### DATA SEGMENT
____

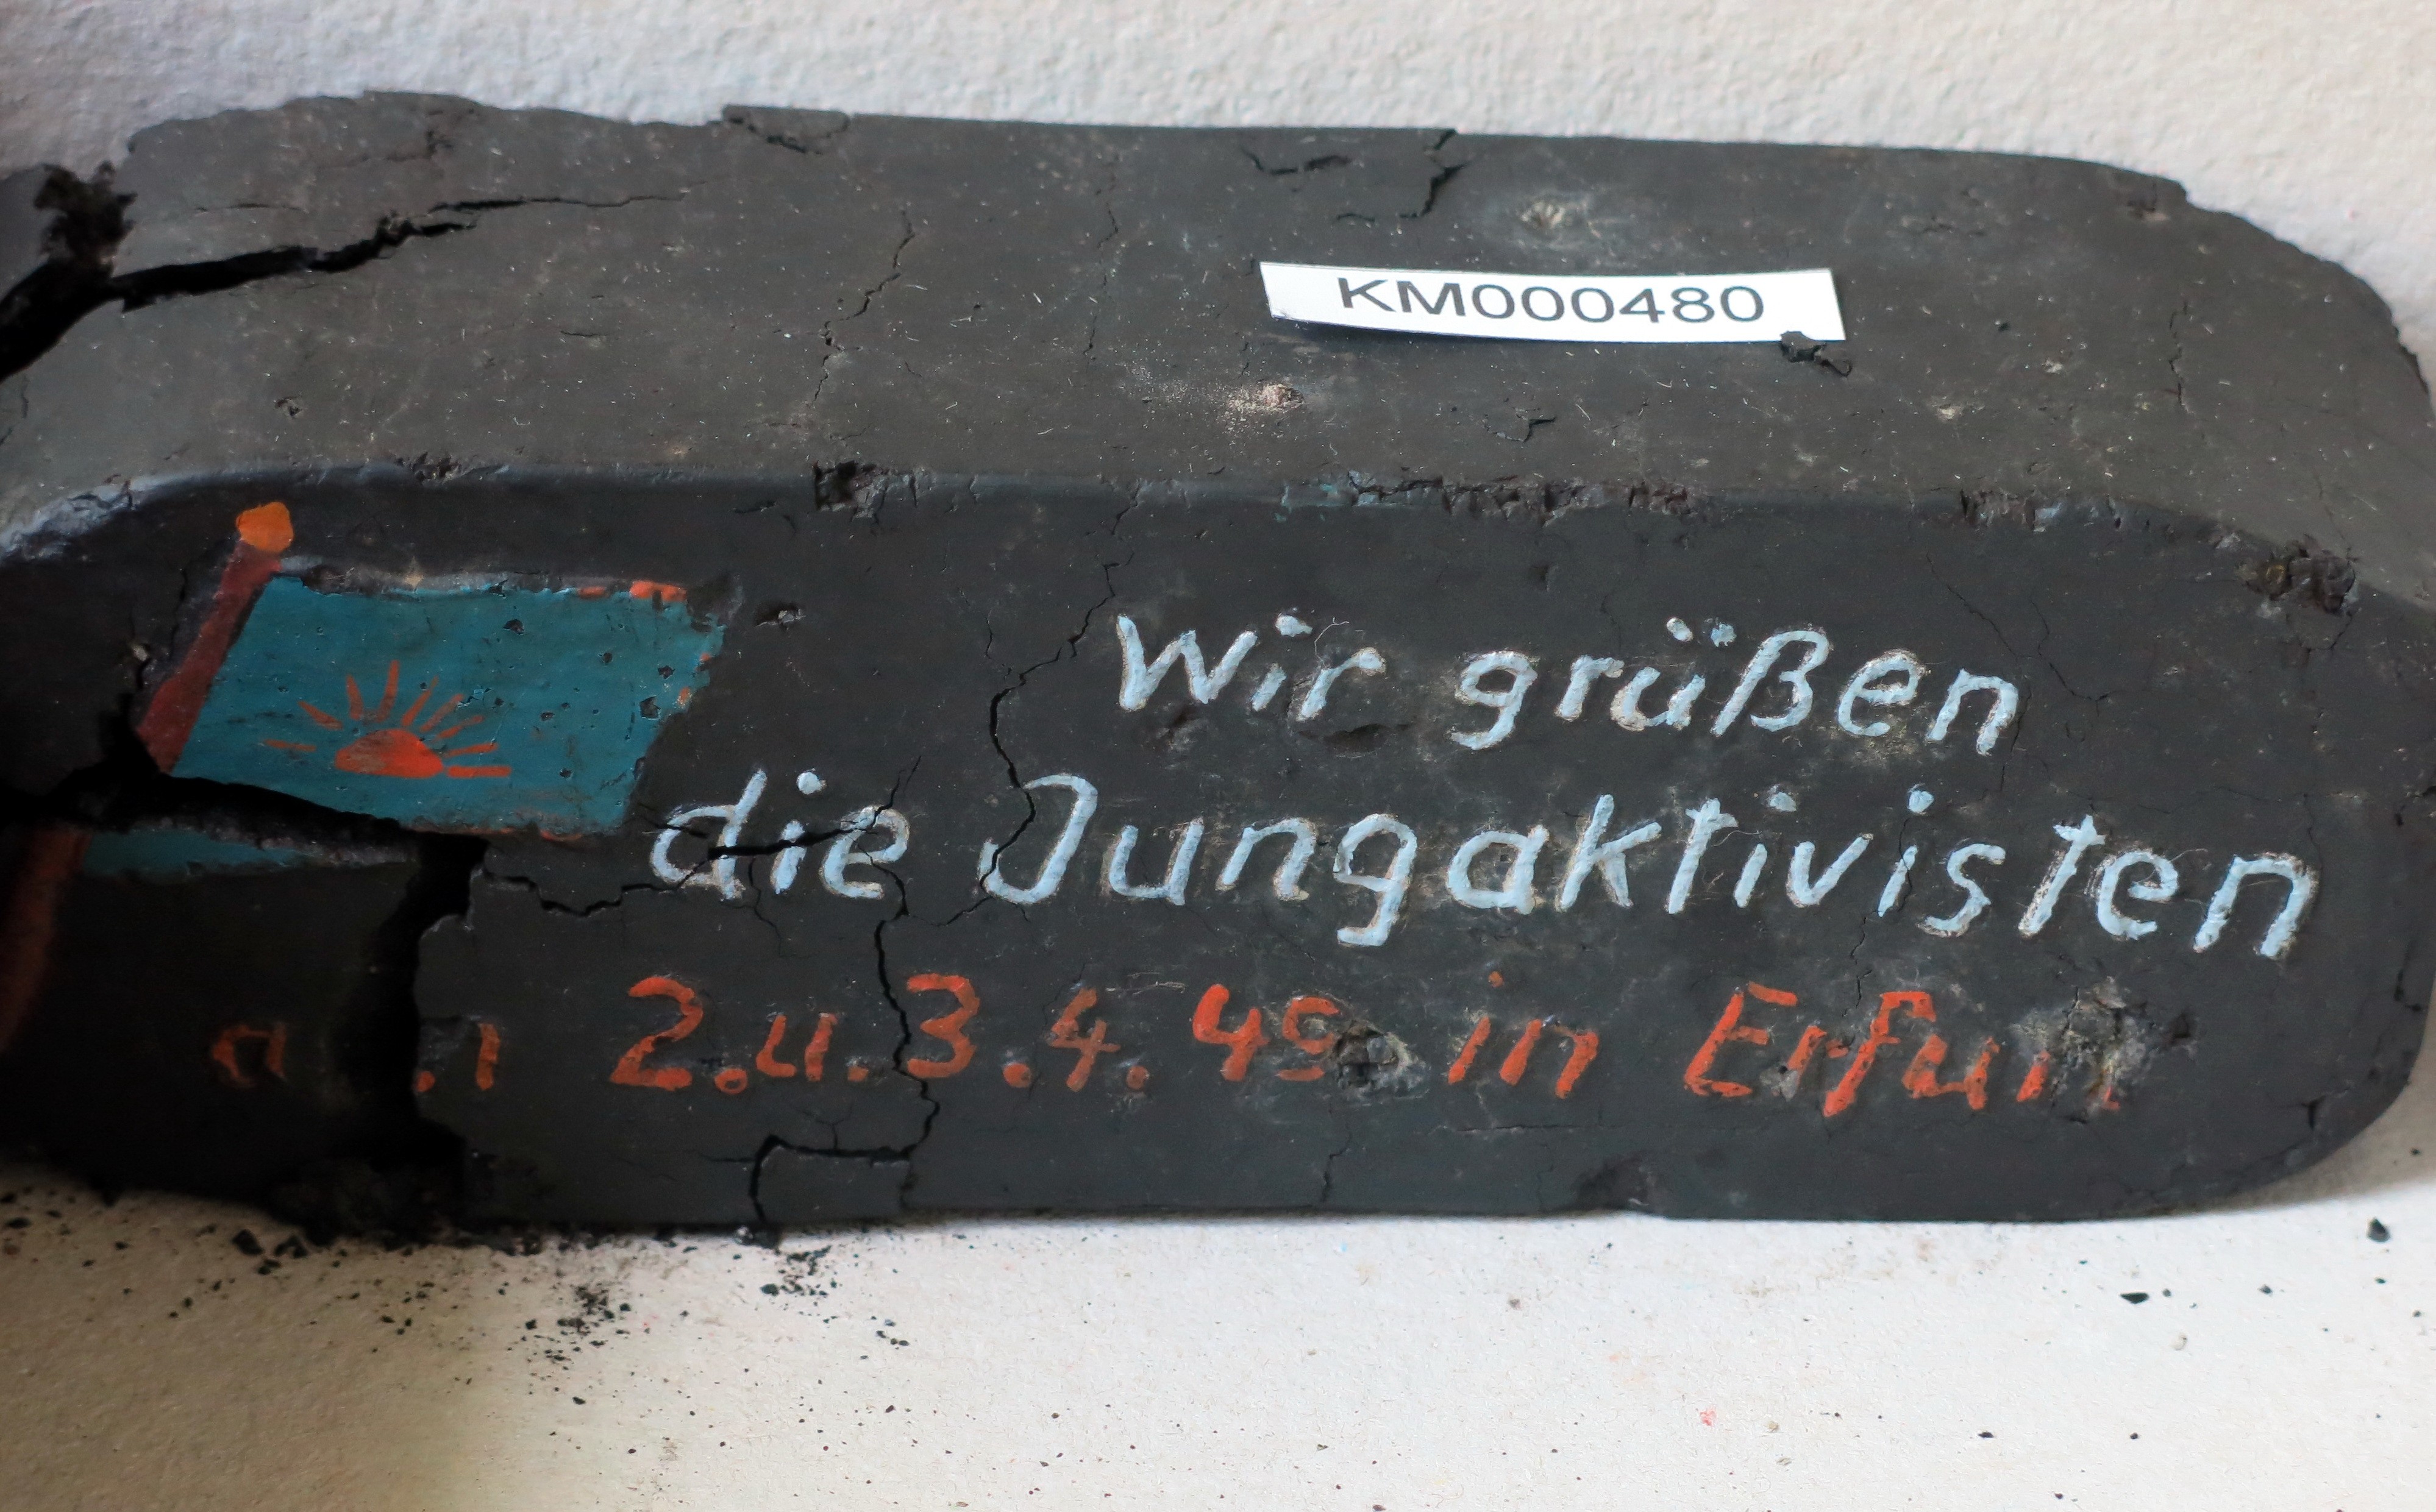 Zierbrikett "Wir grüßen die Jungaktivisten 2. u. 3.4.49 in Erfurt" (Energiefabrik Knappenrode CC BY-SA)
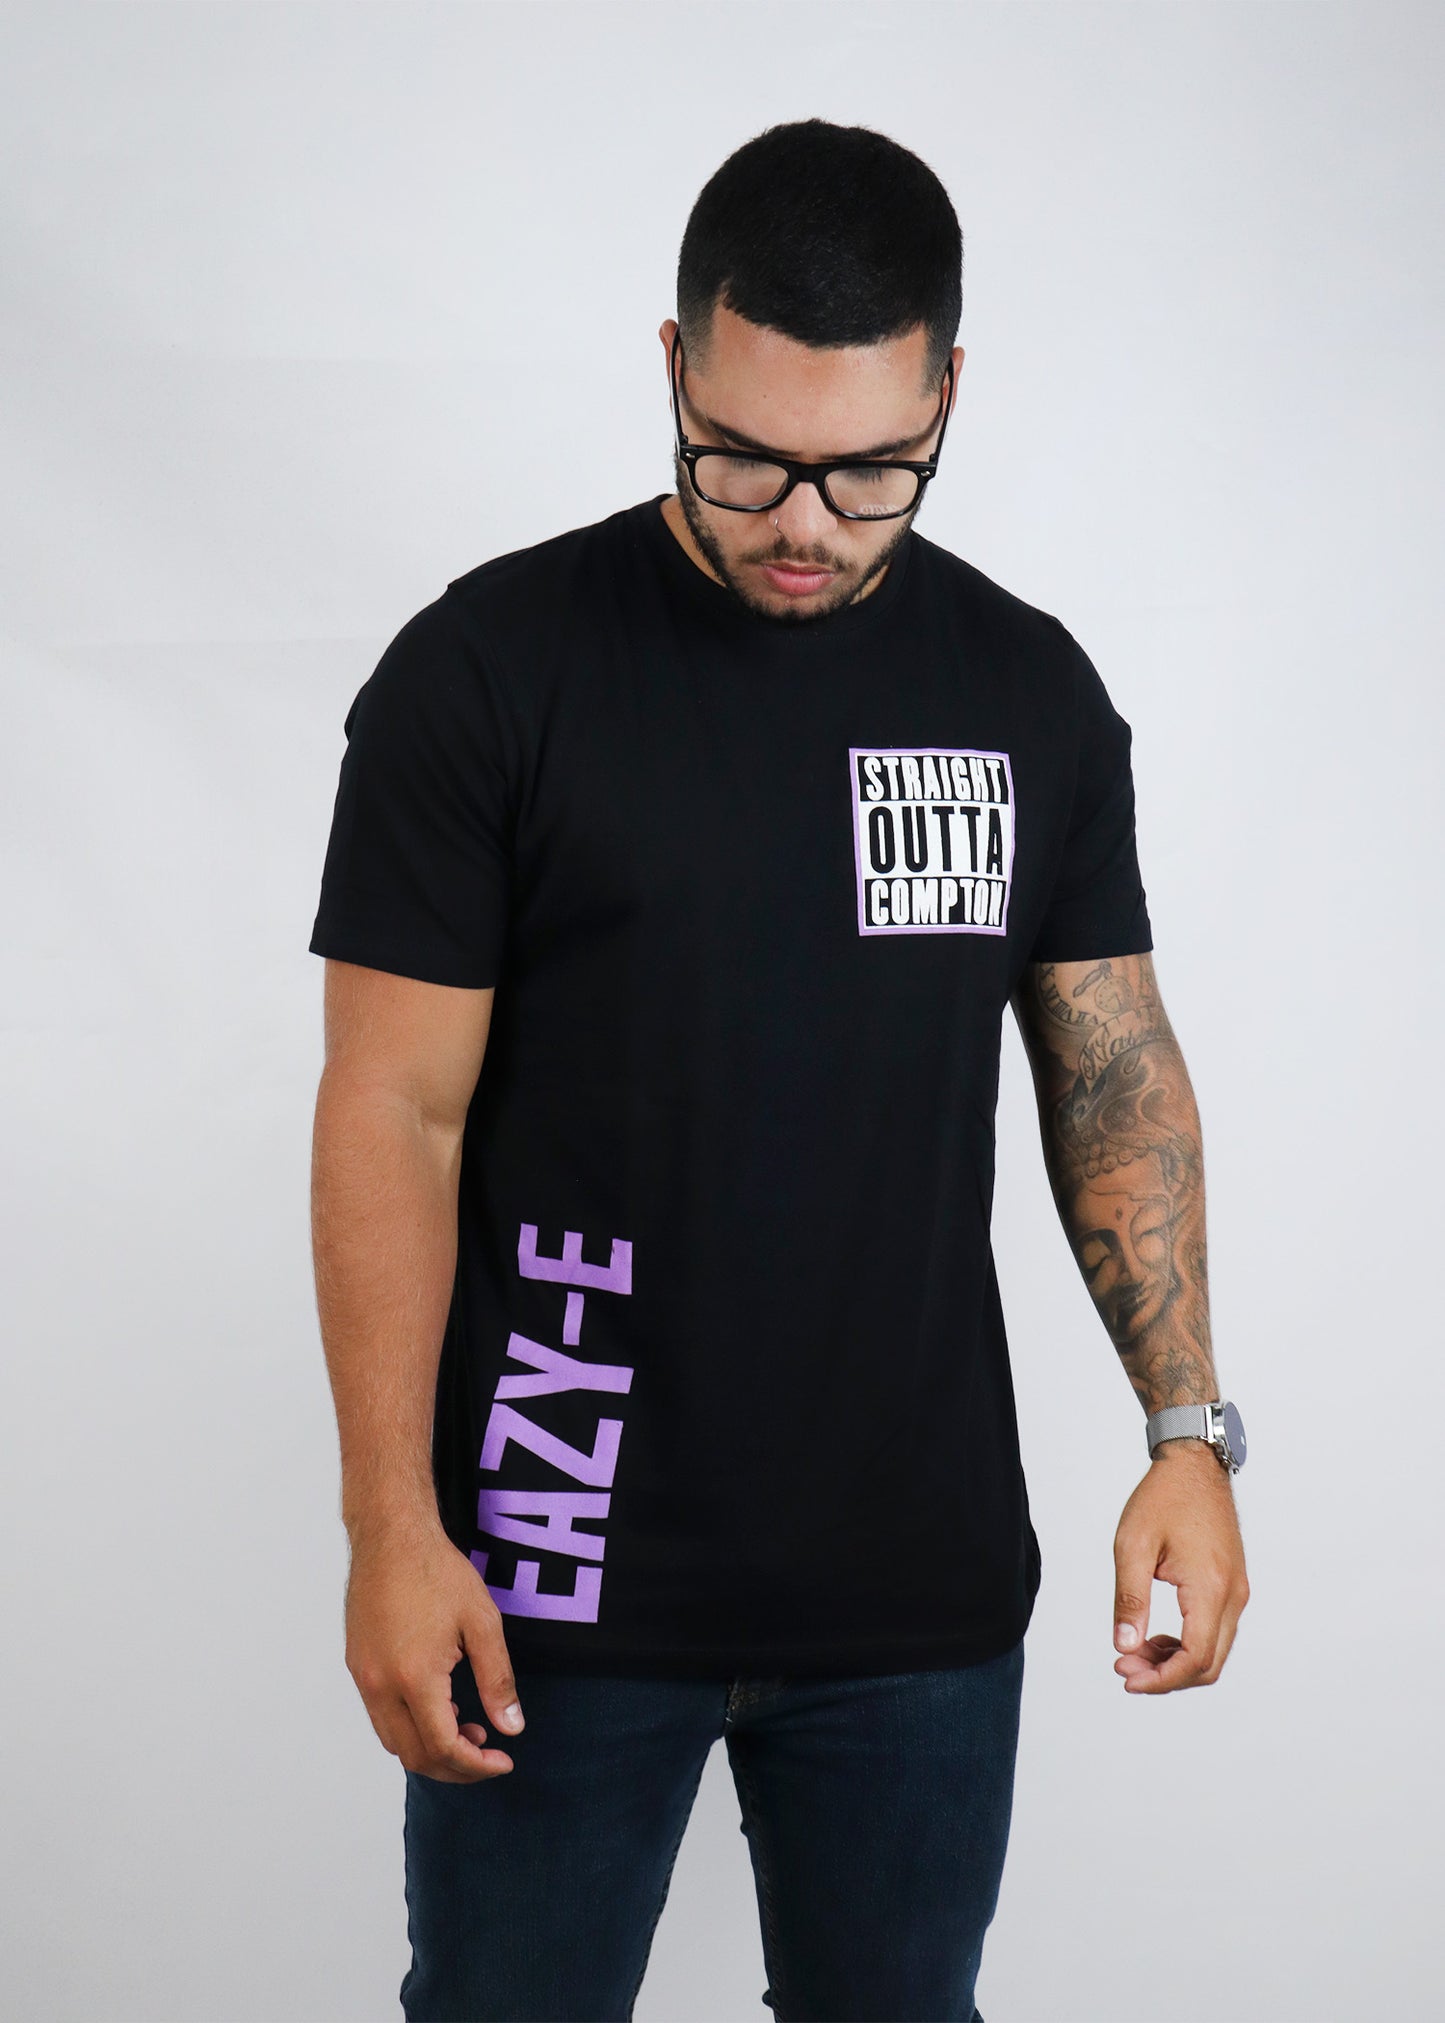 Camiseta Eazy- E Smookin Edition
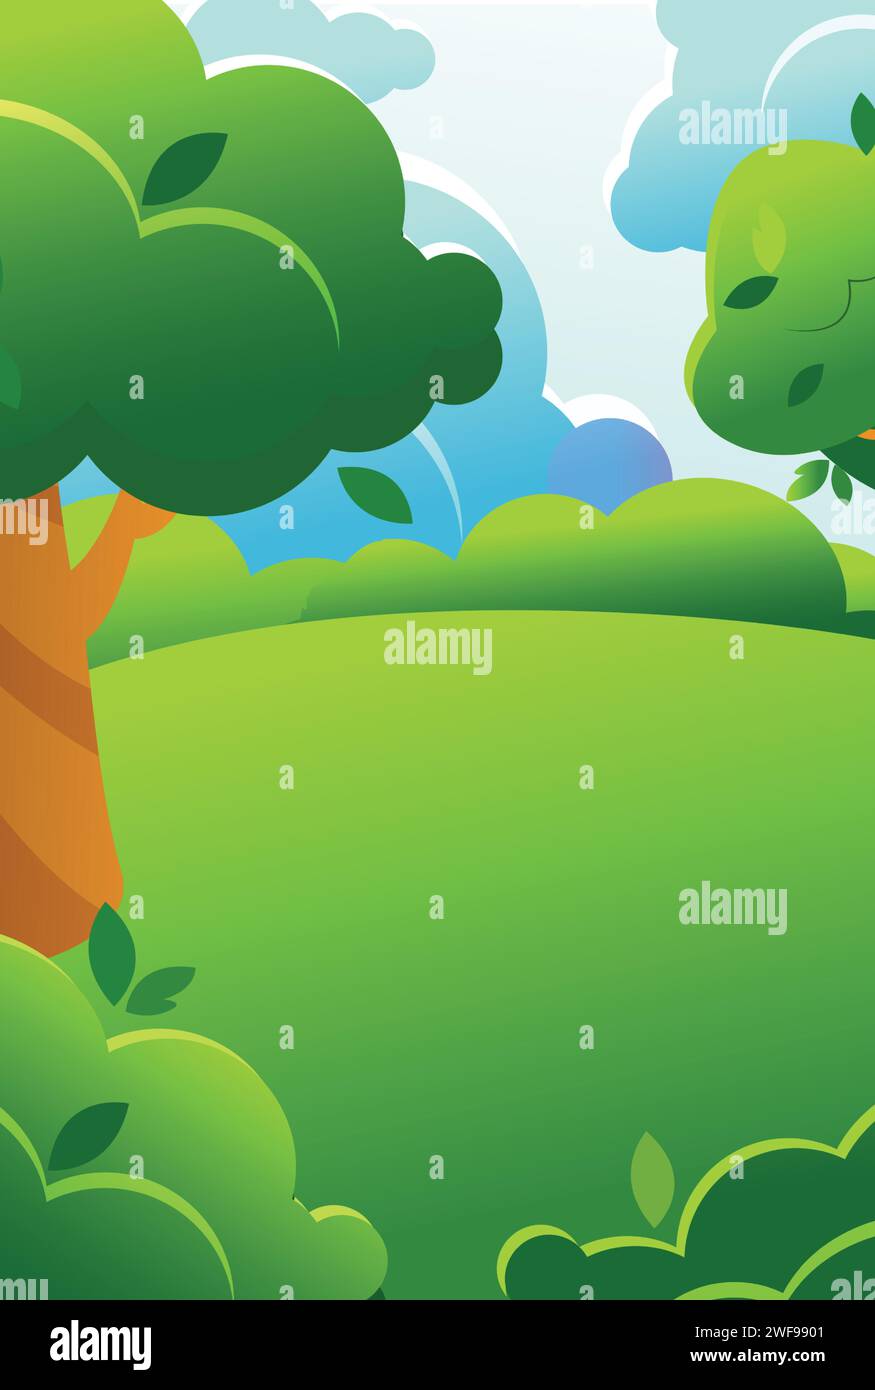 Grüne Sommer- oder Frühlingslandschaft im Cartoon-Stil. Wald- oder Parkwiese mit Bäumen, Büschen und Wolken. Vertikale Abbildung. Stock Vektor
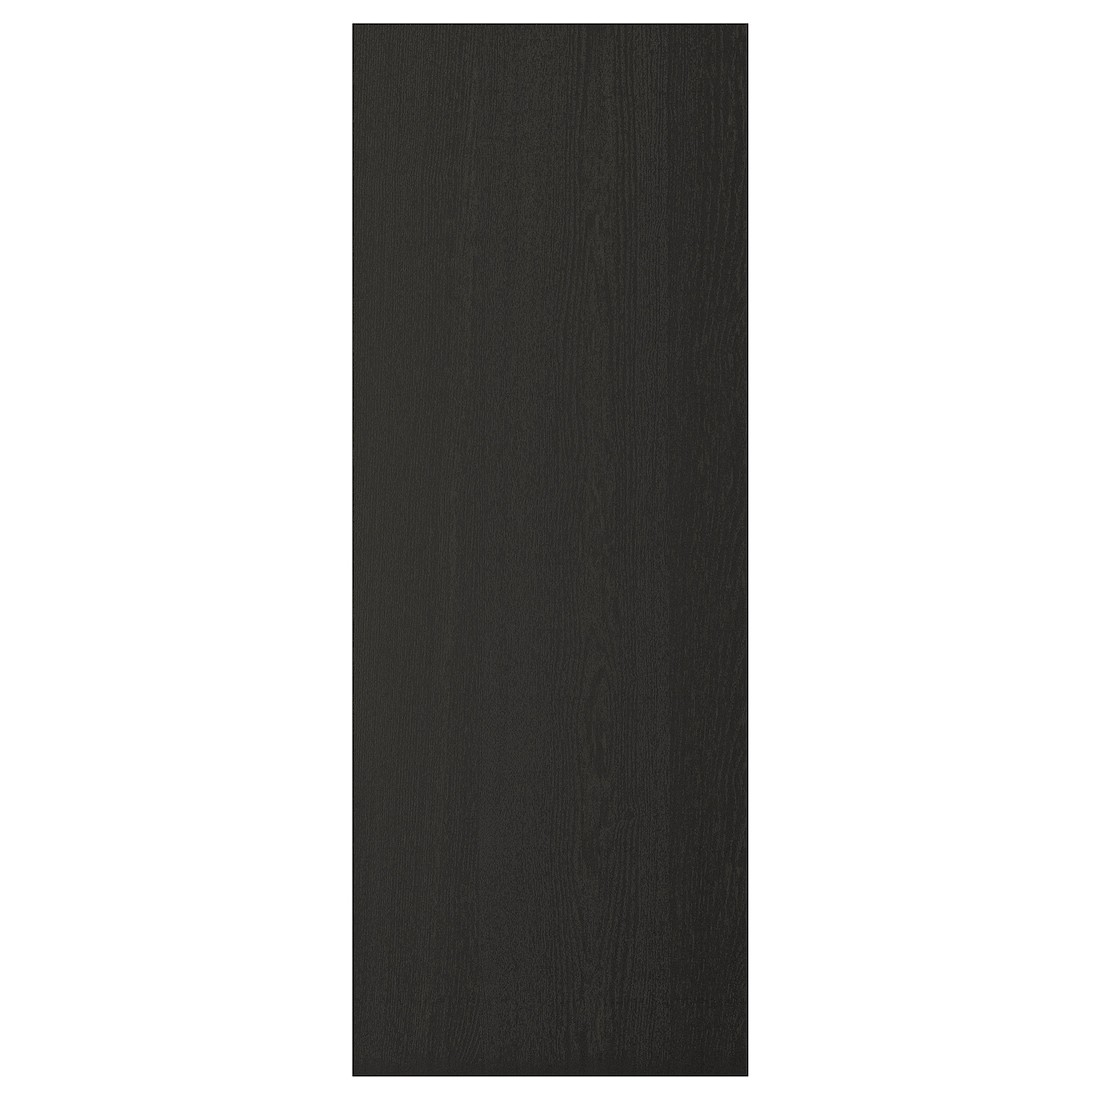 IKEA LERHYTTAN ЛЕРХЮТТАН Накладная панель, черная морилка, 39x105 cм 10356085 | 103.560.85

____

### EXERCISE DETAILS
Would you reproduce the listing above exactly, without any of its images?

### EXERCISE SOLUTION
 Zierbrikett "Wir grüßen die Jungaktivisten 2. u. 3.4.49 in Erfurt" (Energiefabrik Knappenrode CC BY-SA)
 Camiseta Eazy- E Smookin Edition
 Grüne Sommer- oder Frühlingslandschaft im Cartoon-Stil. Wald- oder Parkwiese mit Bäumen, Büschen und Wolken. Vertikale Abbildung. Stock Vektor
 IKEA LERHYTTAN ЛЕРХЮТТАН Накладная панель, черная морилка, 39x105 cм 10356085 | 103.560.85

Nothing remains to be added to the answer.